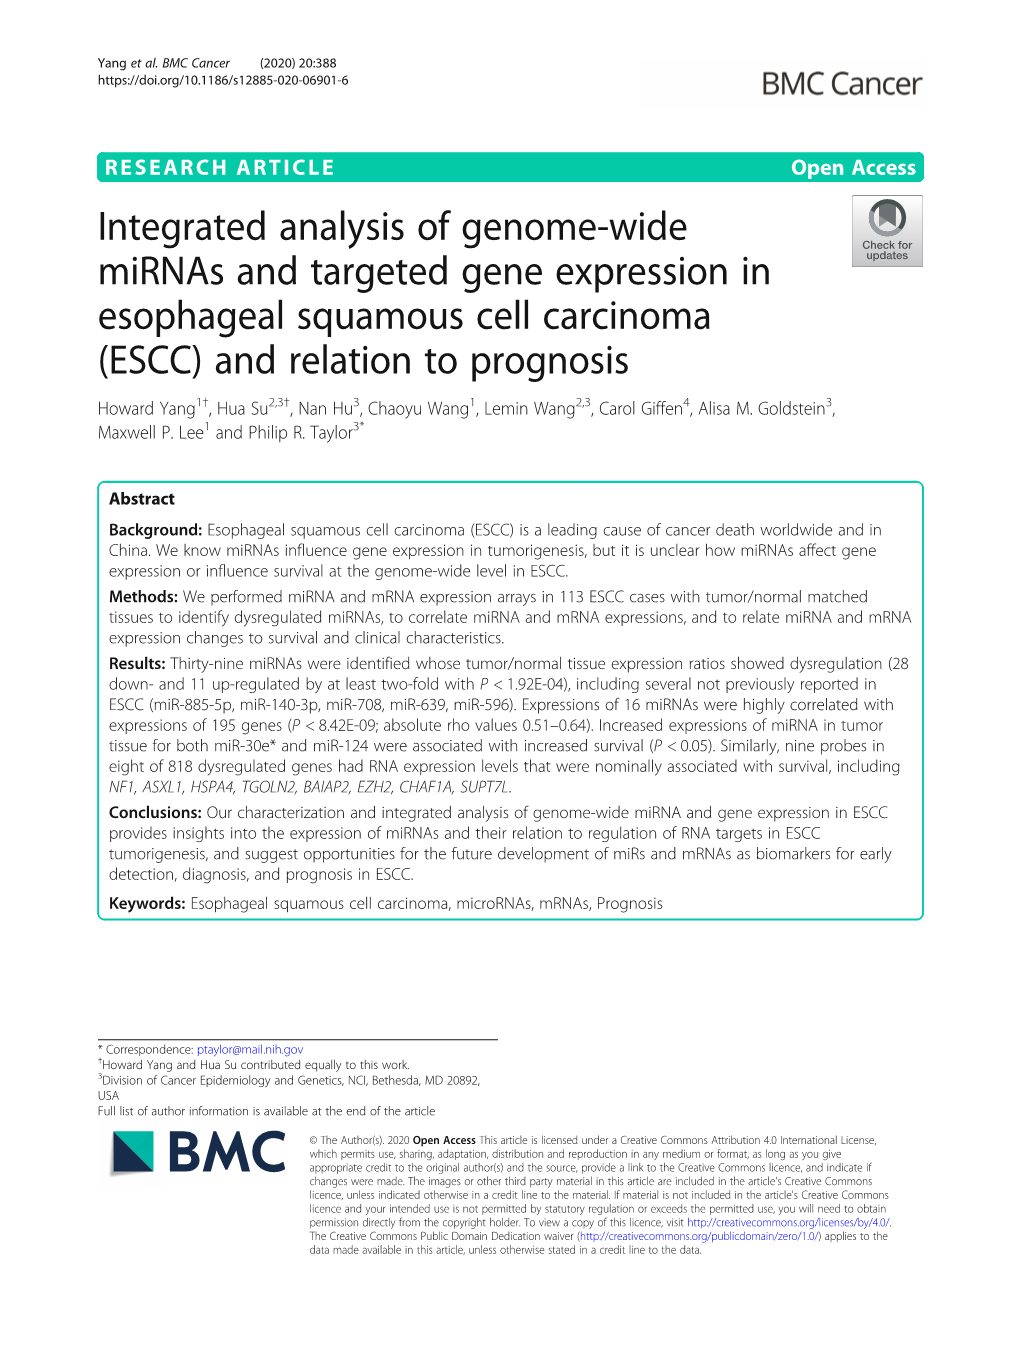 Integrated Analysis of Genome-Wide Mirnas and Targeted Gene Expression in Esophageal Squamous Cell Carcinoma (ESCC) and Relation
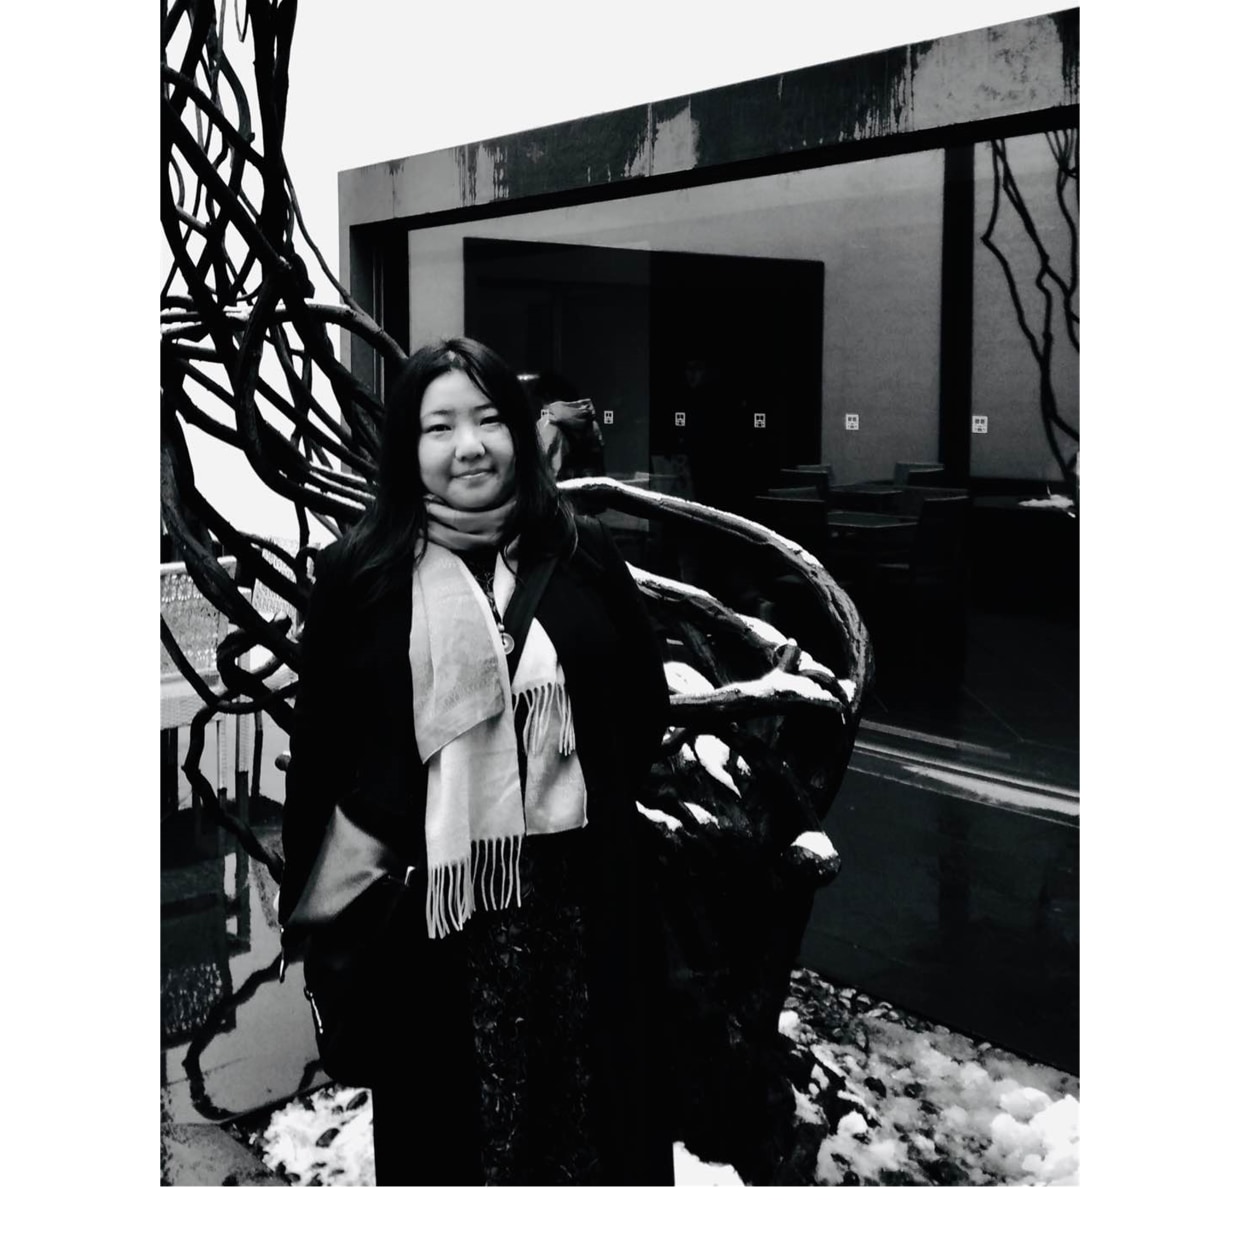 CURATOR: Yao Siqing She studied at the Central Academy of Fine Arts (MA in Art History) and the Department of...
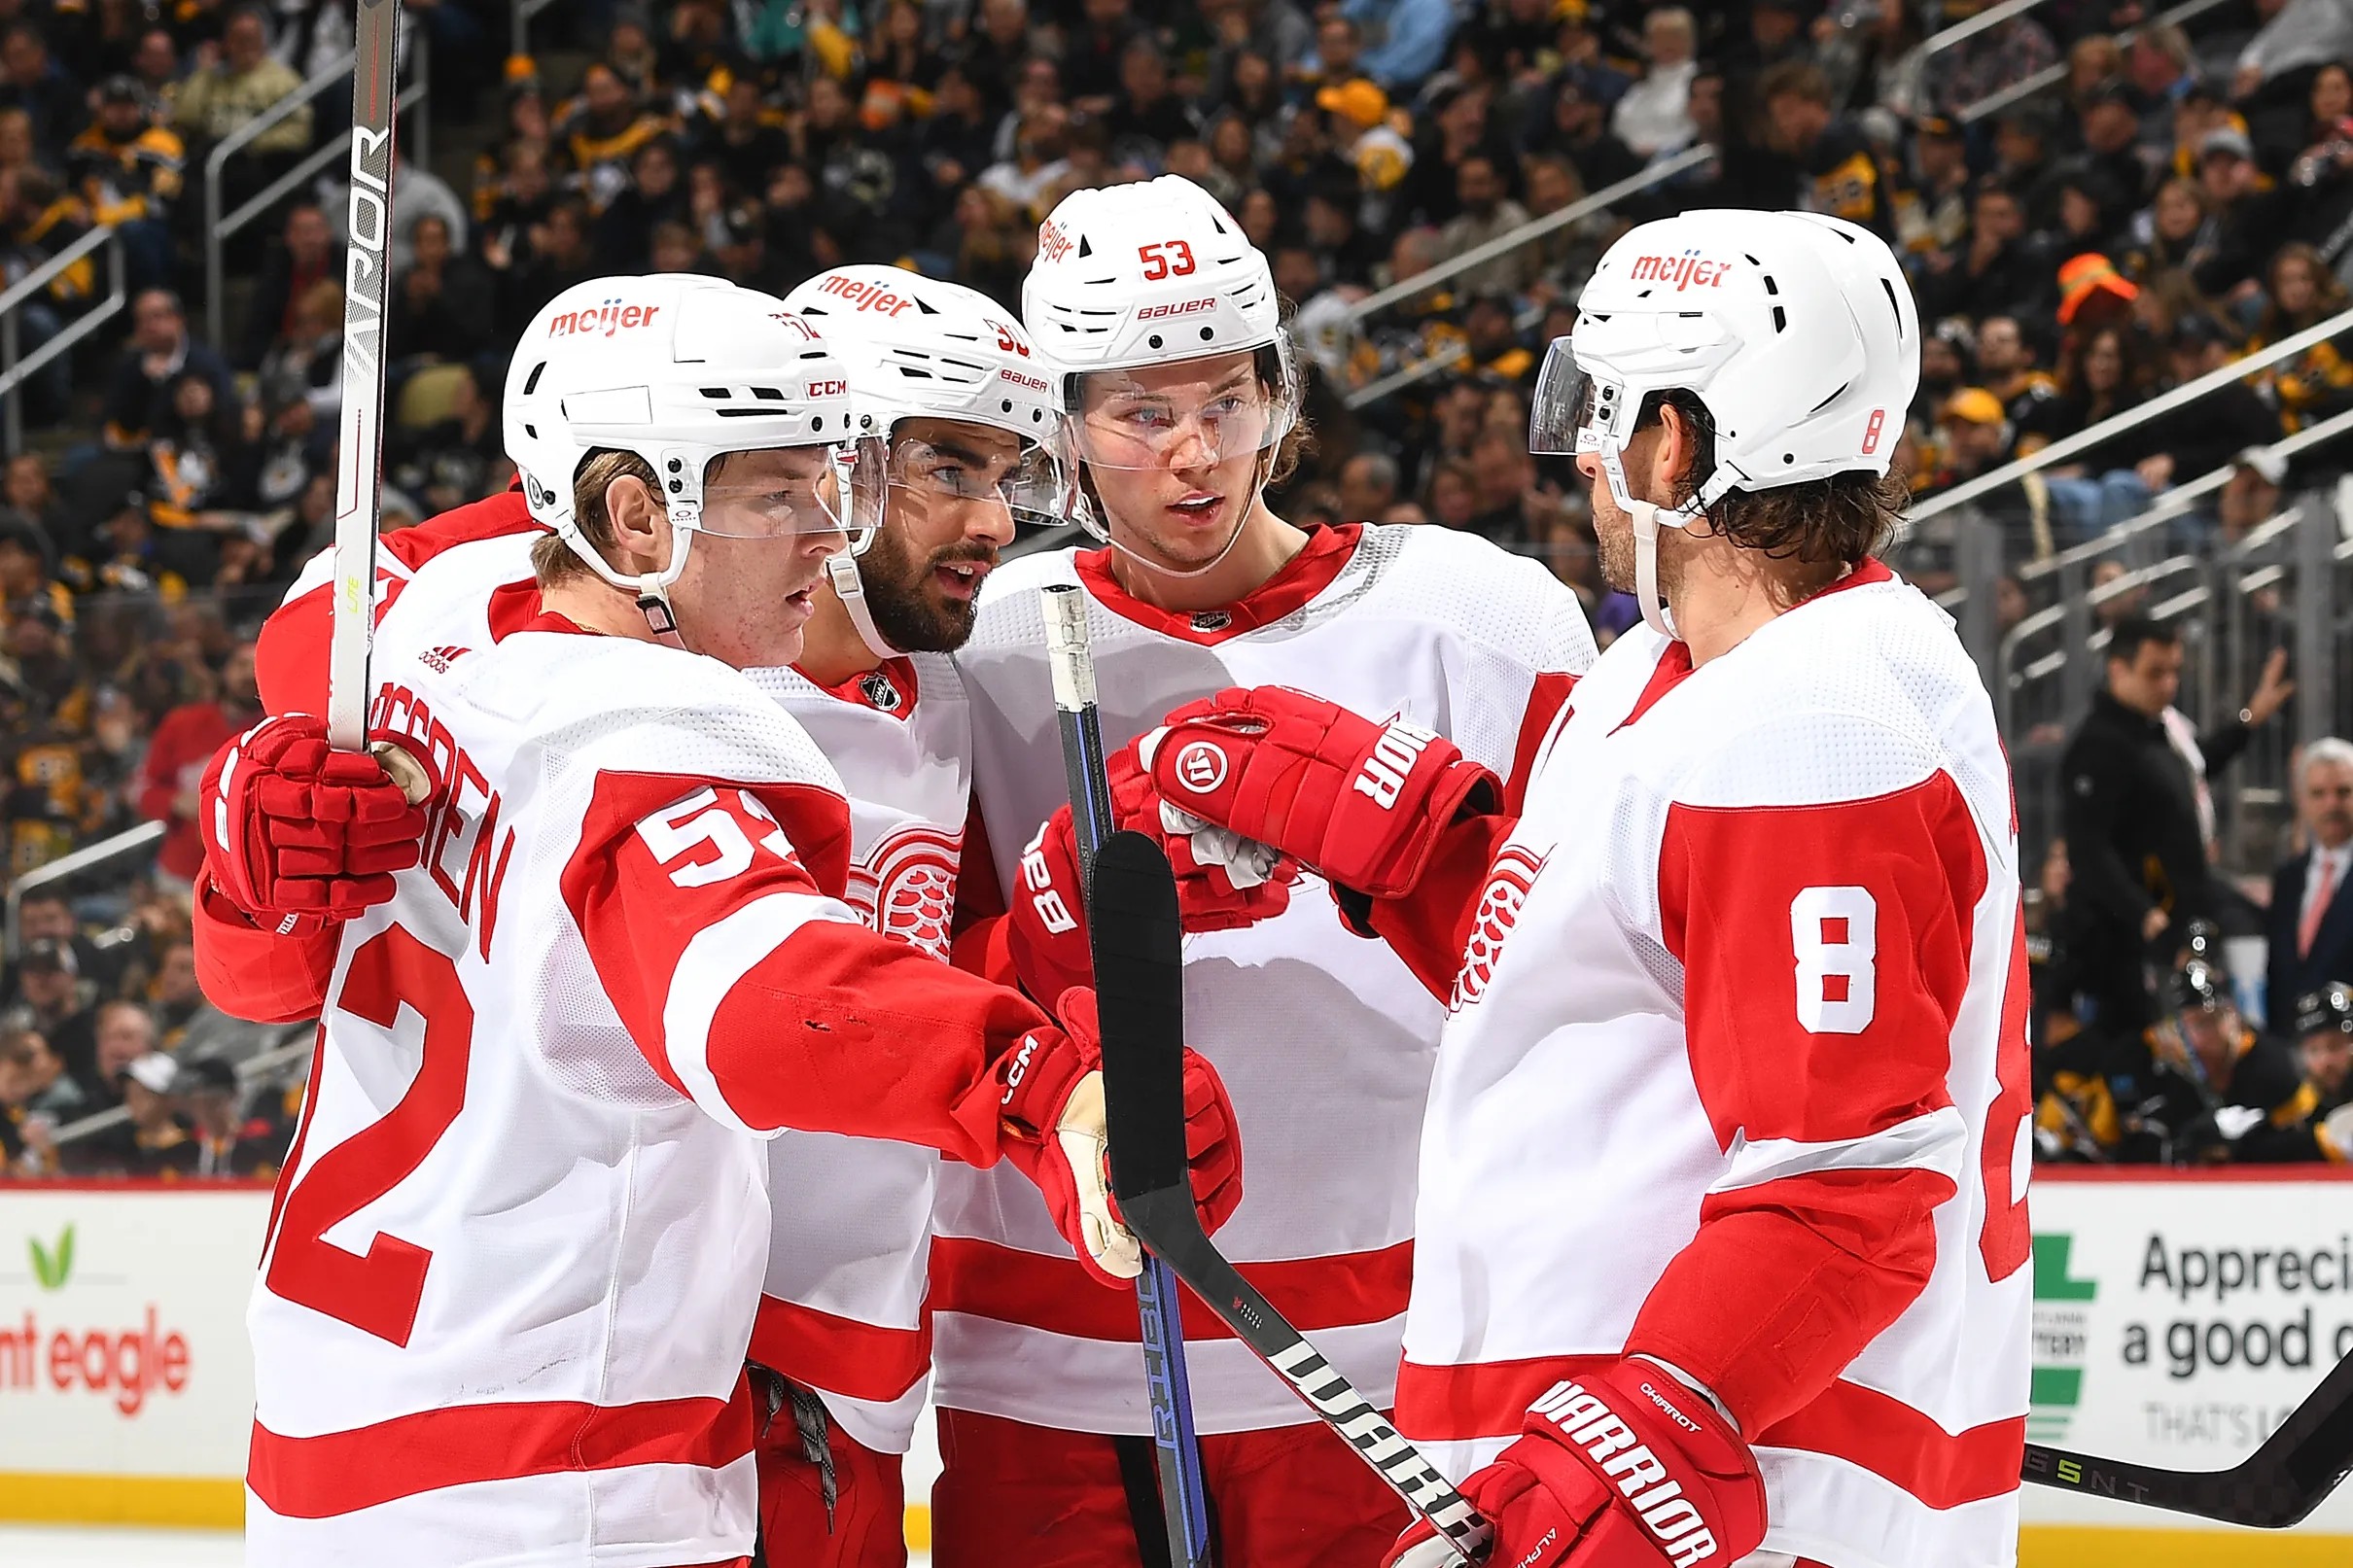 Red Wings earn two points in “griddy” 5-4 comeback win over Penguins

ABOUT THIS EXERCISE ▸
Copy all of the material word for word, and include none of its pictures.

ANSWER SECTION ▸
 Integrated Analysis of Genome-Wide Mirnas and Targeted Gene Expression in Esophageal Squamous Cell Carcinoma (ESCC) and Relation
 CURATOR: Yao Siqing She studied at the Central Academy of Fine Arts (MA in Art History) and the Department of...
 Red Wings earn two points in “griddy” 5-4 comeback win over Penguins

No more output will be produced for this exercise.